My debut novel, tentatively called No Brakes, is now being offered to publishers by my wonderful literary agent, Dawn Dowdle of the Blue Ridge Literary Agency. My stomach is doing flips. I check my e-mails every hour and keep my phone in my pocket. I’ve been told the best way to make it through this anxious time is by writing the next novel. By coincidence, my new perennial garden is ready for planting.

In many ways, starting a new novel is like starting a new garden. When I wrote my first novel, I took the “seat-of-your-pants” writing approach. There was no plan, no thought. I sat and wrote, letting my novel take me wherever it wanted to go. By the time I tapped “The End,” I had a 136,000 word monstrosity. It took me a year to straighten out the mess.

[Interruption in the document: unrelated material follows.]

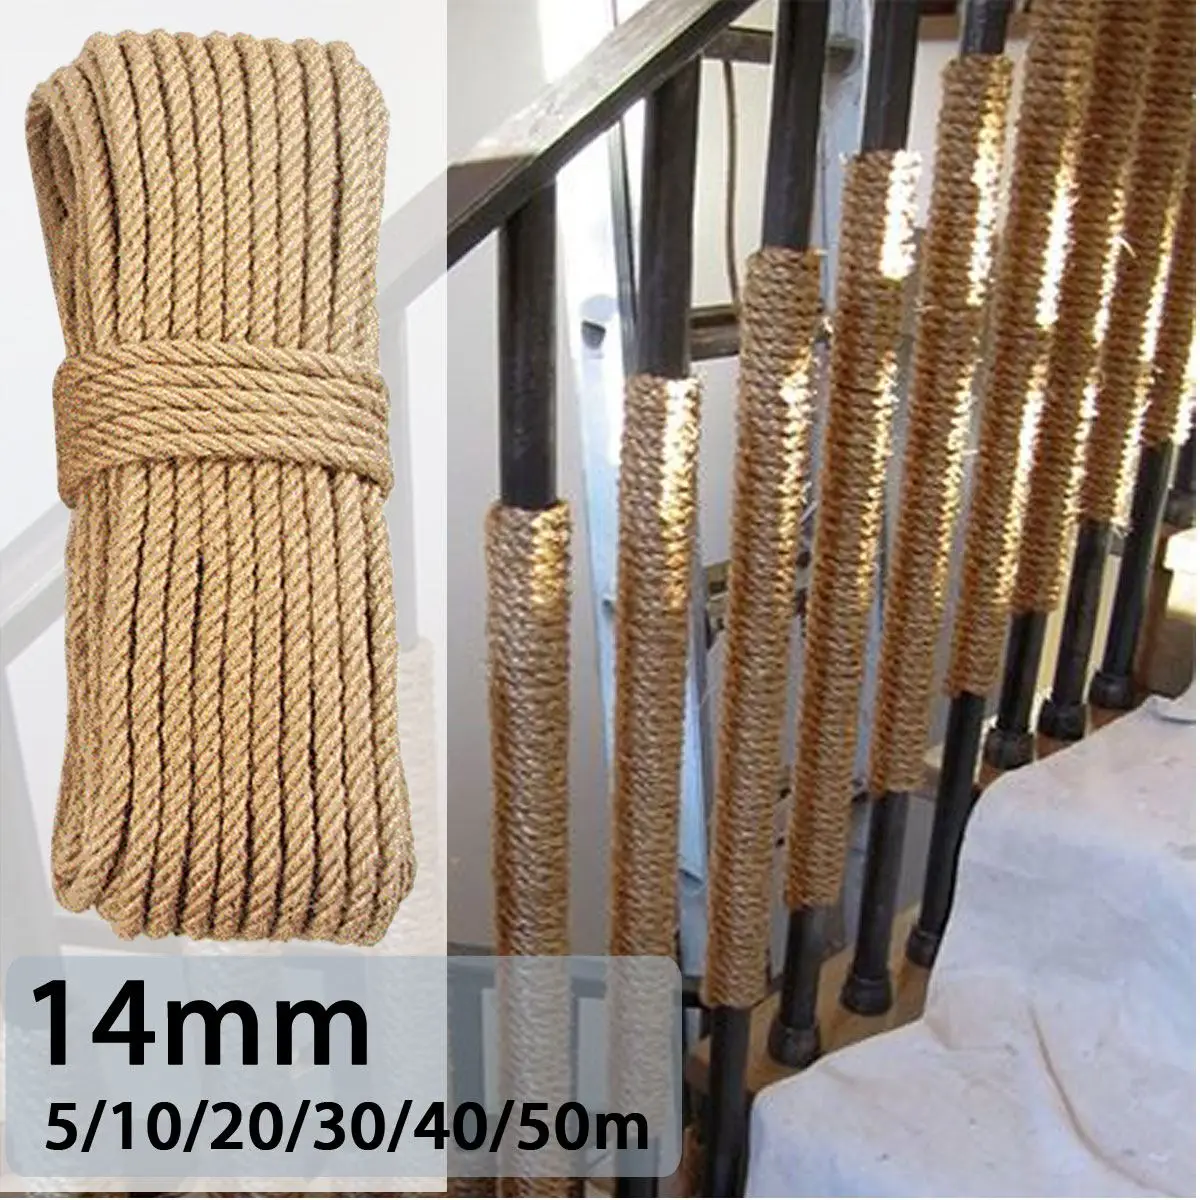 

KIWARM 14mm 5m-50m Natural Jute Rope Twine Rope Hemp Twisted Cord Macrame String DIY Craft Handmade Decoration Pet Scratching

I started an herb garden in the same haphazard way. The first herb was mint, planted straight into the ground, with Mojitos dancing in my head. A rookie mistake. The mint transformed into a wild beast. I sprayed, yanked and cursed.  Eventually, I slayed the beast, along with my taste for Mojitos.

These messes taught me a valuable lesson: I’m a planner not a seat-of-your-pantser. Believe it or not, one of the writing courses I took devoted a whole session to figuring out your writing style.  My daily to-do list should have given me a clue I’m not a pantser.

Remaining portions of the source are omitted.